Message par F.lavie »

Que dire... Le traitement en psychiatrie agit comme thymoregulateur (régulation de l'humeur) à pour but de diminuer les hallucinations (auditive visuel sensoriel...) les anxiétés et les angoisses , et j'en passe. Il me semble qu'il faut rappeler que l'hallucination ou l'angoisse est réel pour la personne parce qu'elle voir sent et ressent. Le traitement permet à la personne de se "stabiliser" et donc de s'insérer plus facilement dans la société.

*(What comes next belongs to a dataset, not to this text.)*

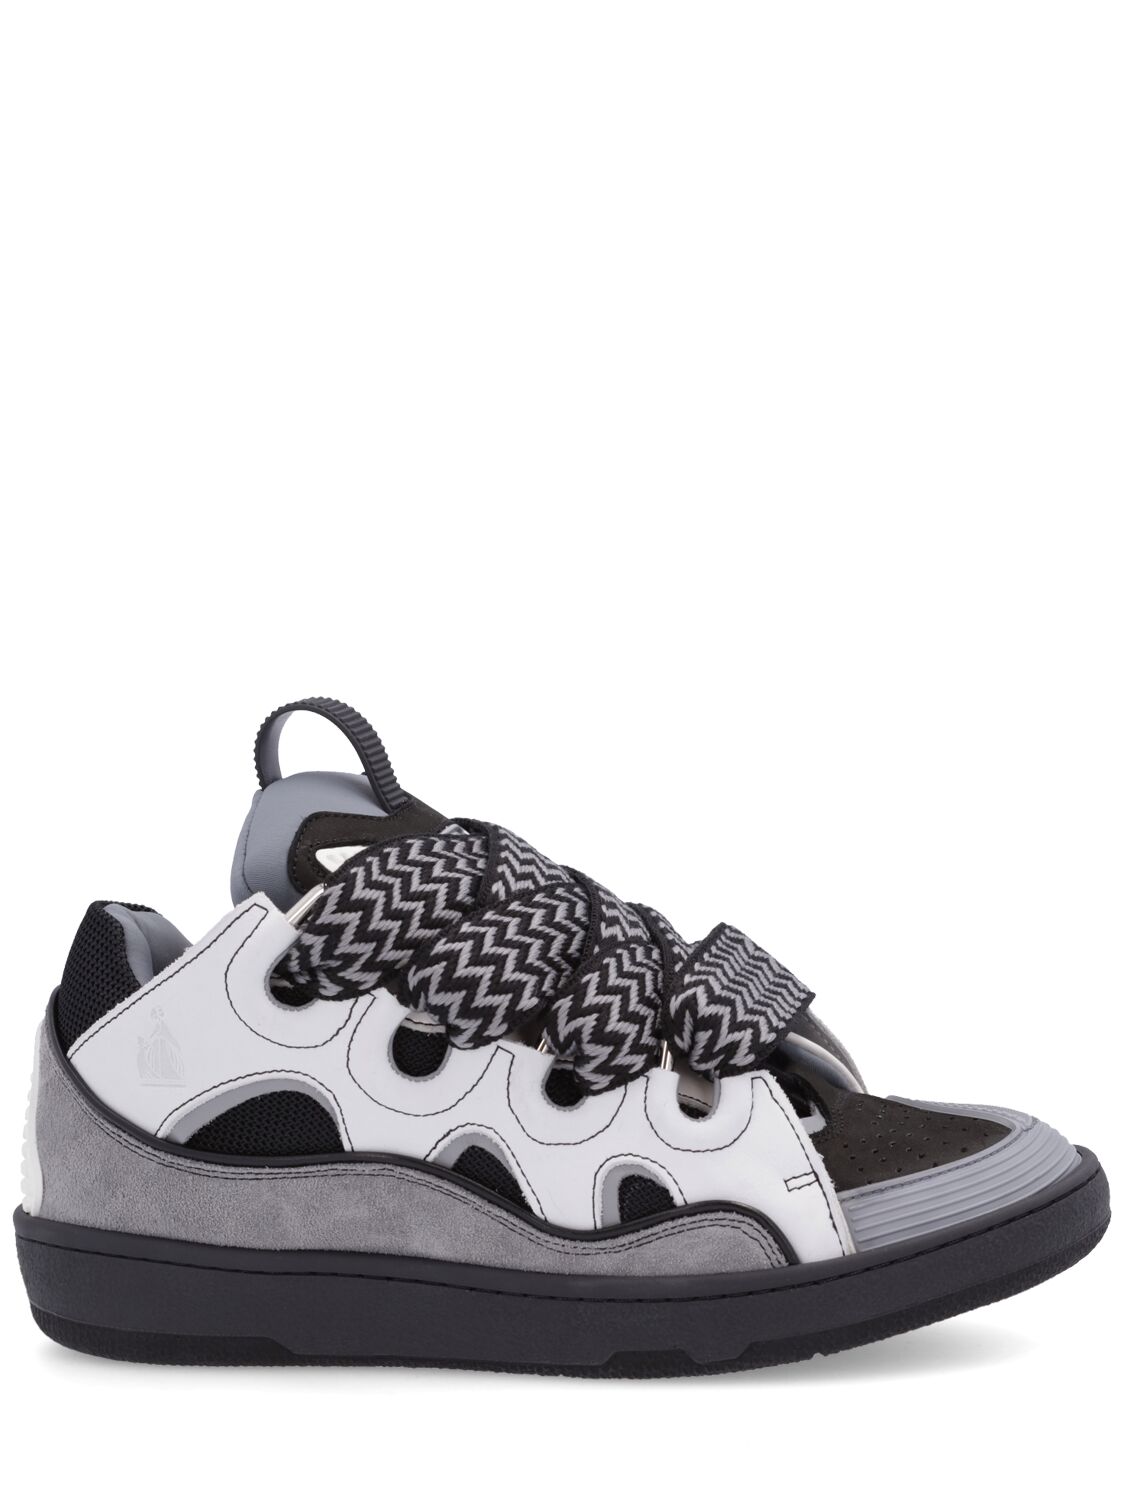 Shop Lanvin Curb Leather Sneakers In Black,grey

Le si besoin sert lors de "crise". Il permet ainsi d'éviter les décompensations. Par ailleurs un patient en crise est difficile Voir impossible à raisonner et peu se montrer violent et dangereux envers le personnel et les autres patients. Il a donc une utilité mais il doit être utiliser à bonne escient.
L'arrêt du traitement n'est pas vraiment envisageable car la maladie mentale est une maladie chronique et à ce jour nous ne pouvons pas la soigner comme un rhume ou une gastro. Elle reste à vie. Le traitement permet de rester en "maladie chronique". L'arrêt du traitement provoque une phase aiguë appeler décompensation qui est souvent très violente à la fois pour la personne et pour son entourage.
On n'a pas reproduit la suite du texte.